MUNCULNYA SYIAH DAN KHAWARIJ
- Tersebar fitnah dan desas-desus pada masa Utsman yang berujung terbunuhnya Utsman.
- Ketika shahabat ingin membaiat Ali, dua shahabat senior dan seorang kerabat Utsman menolak baiat karena menuntut ditegakkan hukum atas pembunuhan Utsman.
- Mereka adalah Thalhah bin Abdullah, Zubair bin Awwam, dan Muawiyah bin Abi Sufyan.
- Mereka berpandangan bahwa Ali tidak menjatuhkankan hukuman kepada para pembunuh Utsman.
- Mereka juga berpandangan bahwa Ali membiarkan pembunuhan ini dan justru kelompok pembunuh justru bergabung bersama pasukan Ali.
- Thalhah dan Zubair tebunuh dalam perang Jamal melawan Ali.
- Pasukan Muawiyah berperang melawan Ali di perang Shiffin.
- Ketika Muawiayah hampir kalah, mereka mengangkat Mushaf Al Qur’an dengan tombak-tombak mereka untuk mengusulkan gencatan senjata.
- Gencatan senjata ini berakhir pada kesepakatan untuk tahkim.
- Tahkim ini yang kemudian memunculkan gejolak di tengah pasukan Ali dan terpecah menjadi dua kelompok, Syiah dan Khawarij.
TERSEBARNYA ULAMA ISLAM KE BERBAGAI NEGERI
- Hal ini membuat sulitnya terjadi ijma’.
- Masing-masing shahabat memiliki keilmuan yang berbeda-beda sehingga menimbulkan perbedaan dalam masalah fikih, karena jarak yang jauh dan sedikitnya hadis membuat mereka sulit untuk berdiskusi dan bertukar pikiran.
- Penduduk Madinah mengikuti fatwa Abdullah bin Umar, Said bin Musayyib, dn Urwah bin Zubair.

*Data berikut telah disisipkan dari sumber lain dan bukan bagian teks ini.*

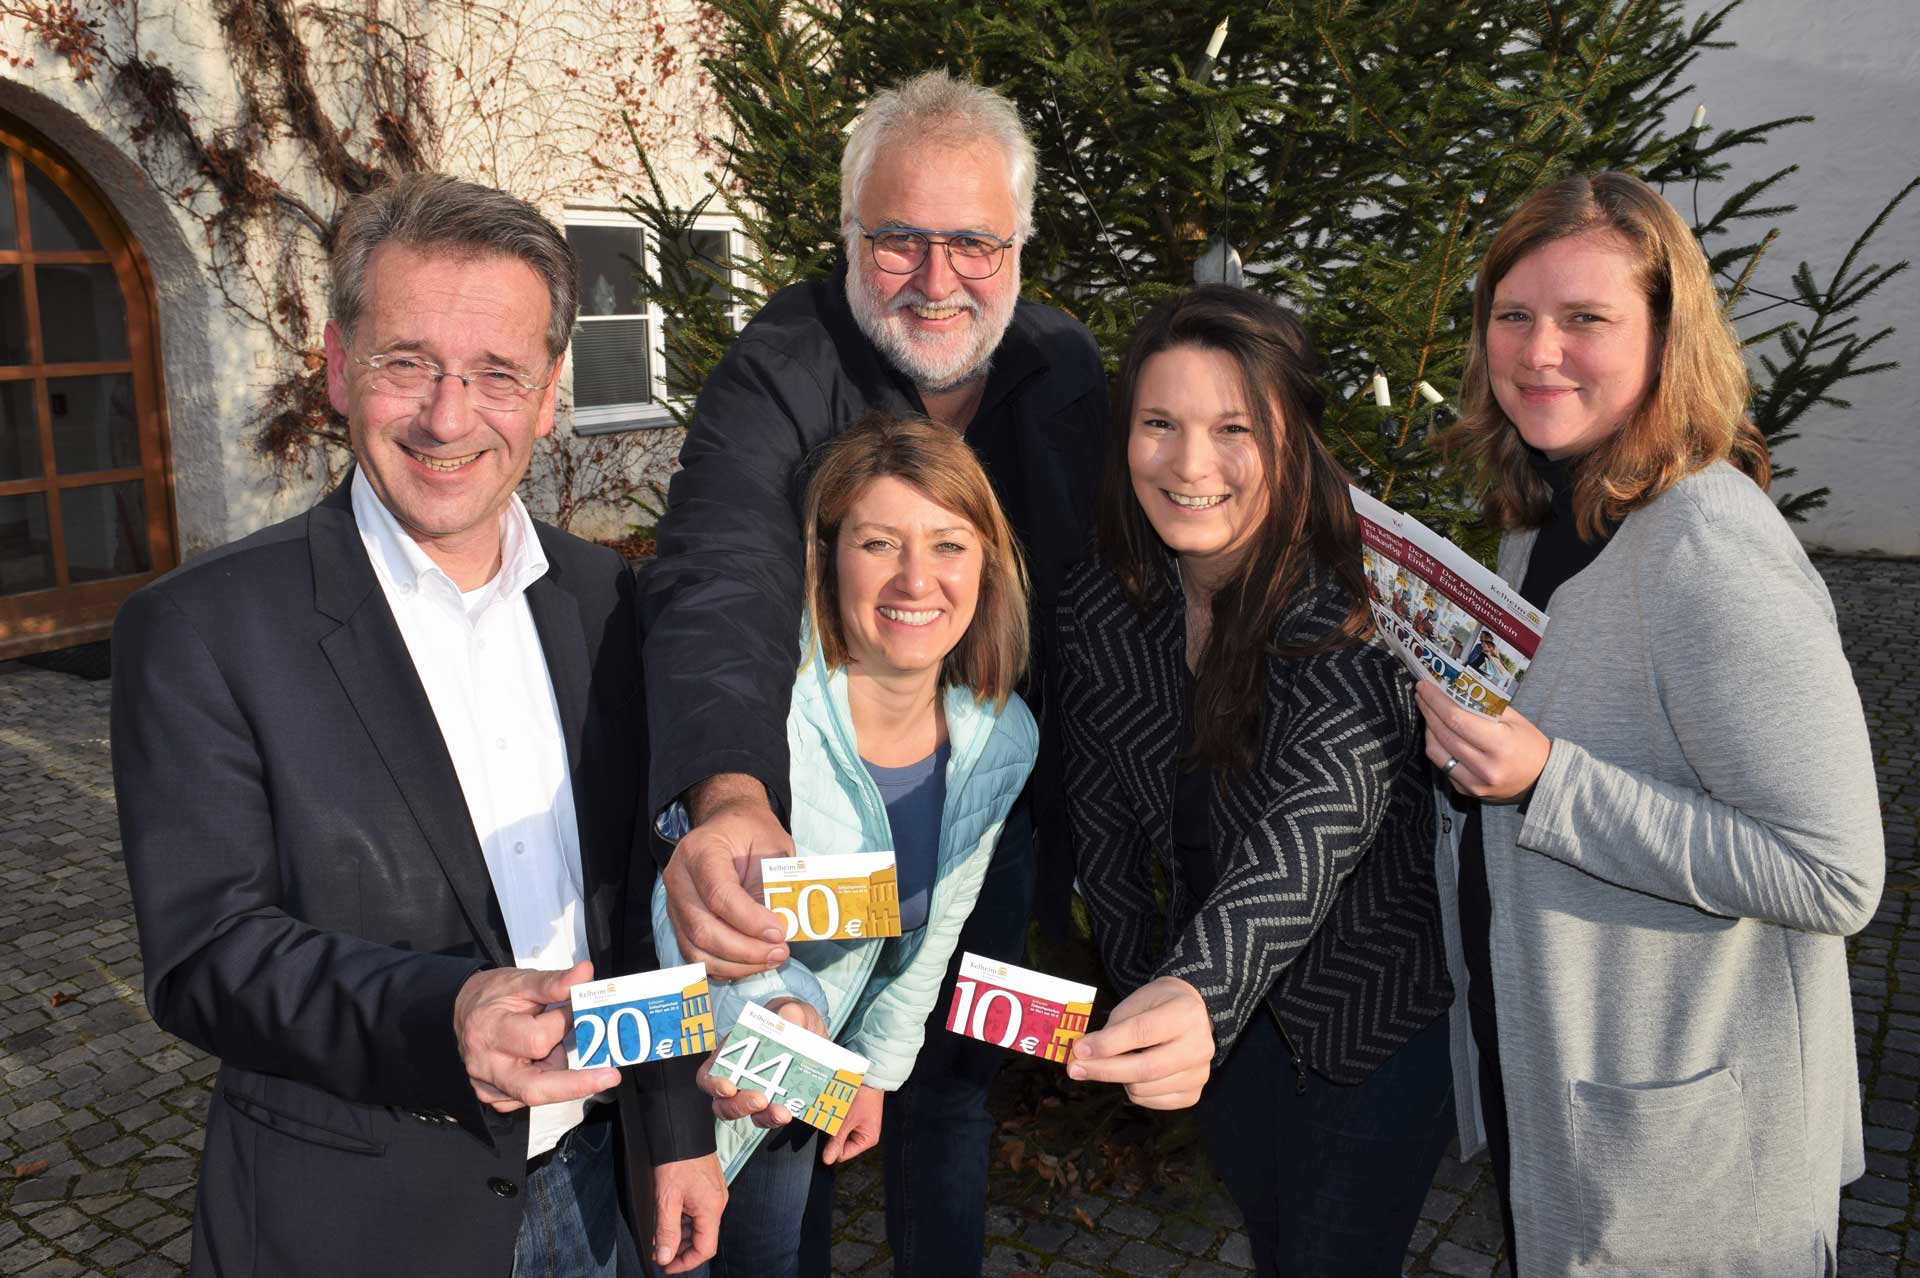 Bürgermeister Horst Hartmann, Bernd Lotter, Barbara Wieben, Lena Plapperer und Stefanie Brixner präsentieren den neuen K€lheimer. (Foto: Kandziora)

- Penduduk Makkah mengikuti fatwa Ibnu Abbas dan murid-muridnya, seperti Mujahid, Atha’, dan Thawus.
- Penduduk Kufah mengikuti fatwa Ibnu Mas’ud dan murid-muridnya, seperti ‘Alqamah, Al Aswad, dan Masruq.
- Penduduk Bashrah mengikuti fatwa Abu Musa, Anas bin Malik, Hasan Al Basri dan Muhammad bin Sirin.

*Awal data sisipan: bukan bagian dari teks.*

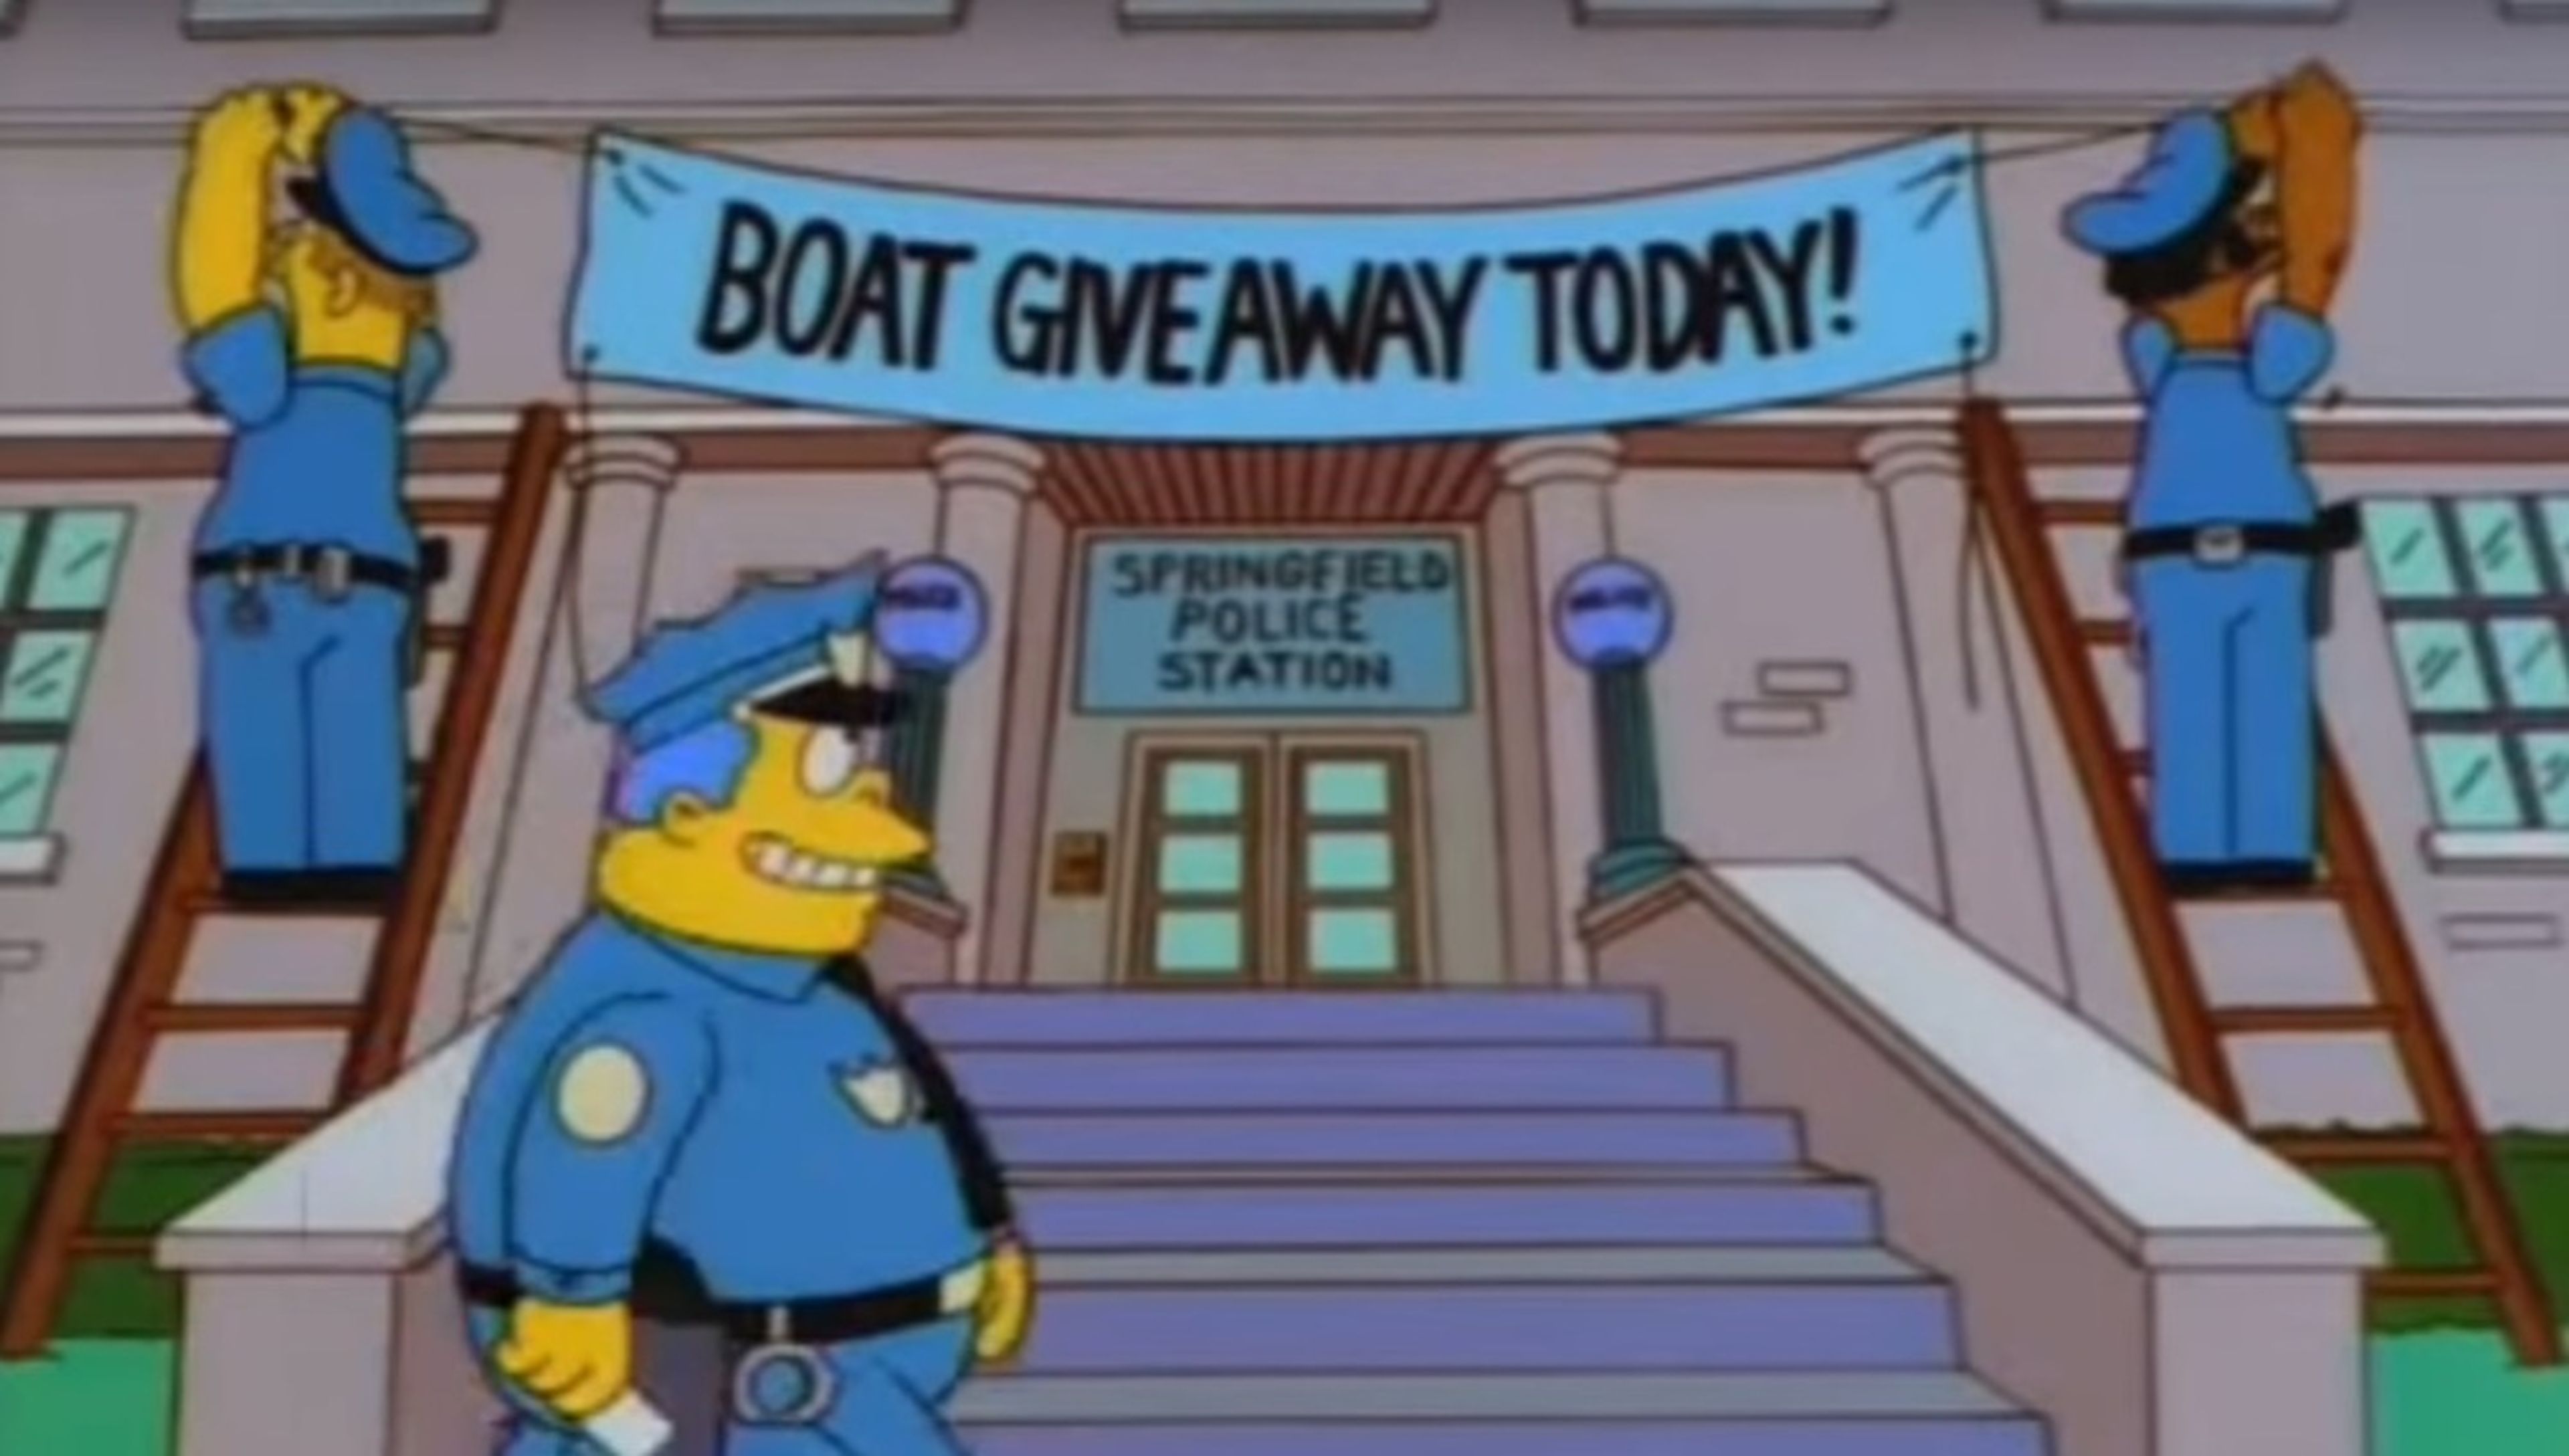 El jefe Wiggum engaña a los delincuentes de Springfield con una lancha motora gratis

- Penduduk Syam mengikuti fatwa Muadz bin Jabal, Ubadah bin Shamit, dan Abu Darda’ beserta murid-murid mereka seperti Mahkul dan Umar bin Abdul Aziz.
- Penduduk Mesir mengikuti fatwa Abdullah bin Amr bin Al Ash.
TERSEBARNYA RIWAYAT HADIS
- Ketika wilayah Islam meluas, shahabat tersebar, dan keilmuan mereka berbeda-beda, maka perlu para shahabat yang memiliki banyak hadis untuk menyampaikan hadis yang mereka hafal.

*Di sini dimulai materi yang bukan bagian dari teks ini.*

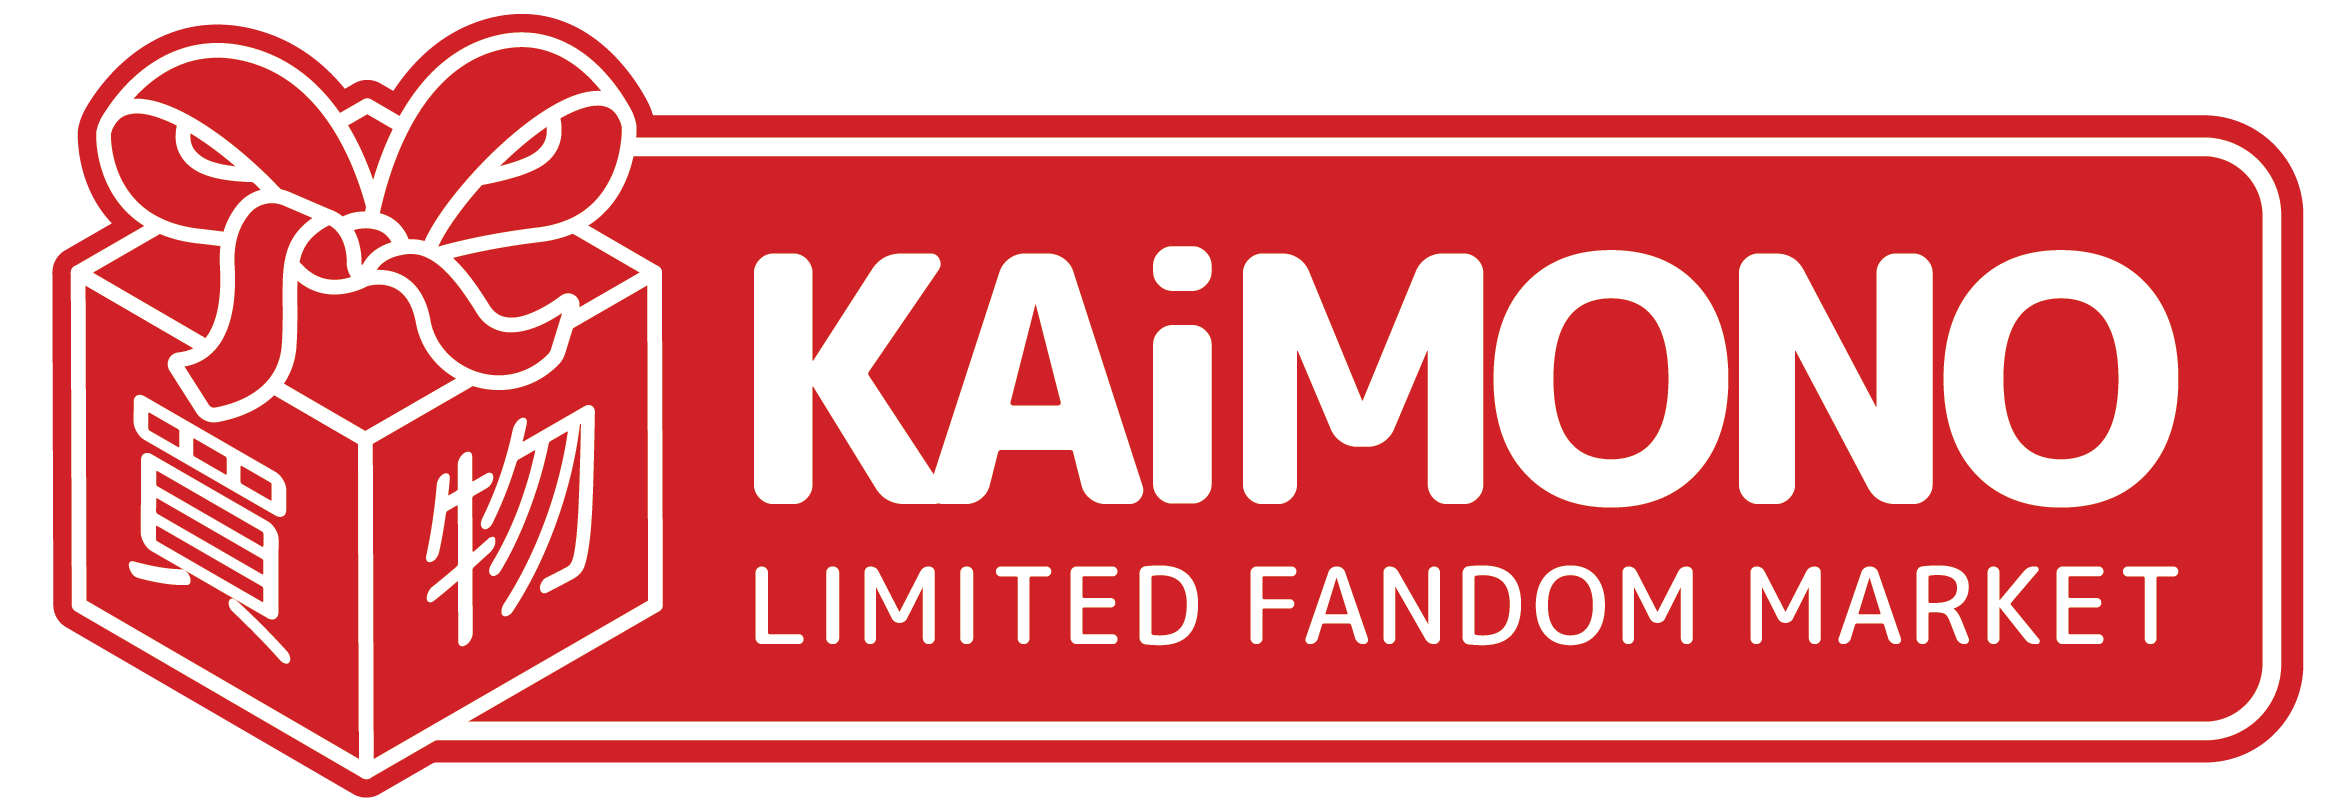 Kaimonomerch Anime Nyc

- Mereka yang memilik banyak hadis ada enam, Abu Hurairah, Jabir Al Anshari, Ibnu Umar, Ibnu Abbas, Anas bin Malik, dan Aisyah.
- Sebab-sebab banyaknya hadis mereka;
- Usia mereka panjang sehingga bisa mengajarkan ilmu mereka pada banyak orang.
- Sering membersamai Rasulullah, seperti Aisyah, Anas, dan Abu Hurairah.
- Semangat mencari hadis dari shahabat yang lain, ini yang dilakukan Ibnu Umar dan Abu Hurairah.
TERSEBARNYA HADIS-HADIS PALSU
- Hadis tidak tertulis dan hanya dari lisan ke lisan sehingga ada celah untuk dipalsukan.
- Musuh musuh Islam dari kalangan Yahudi, Persia, dan Romawi ingin menghancurkan Islam yang telah menaklukkan negreri-negeri mereka.
- Syiah dan Khawarij juga membuat hadis palsu untuk mendukung faham mereka.
- Orang-orang mulai bermudah-mudahan menerima hadis-hadis palsu.
- Sebagian membolehkan membuat hadis palsu untuk tujuan memotivasi pada kebaikan.
- Sebab-sebab munculnya hadis palsu:
- Dendam agama lain terhadap Islam,
- Fanatisme golongan,
- Sebagian ahli ilmu terfitnah dengan harta sehingga tunduk pada keinginan pemimpin dan para khalifah.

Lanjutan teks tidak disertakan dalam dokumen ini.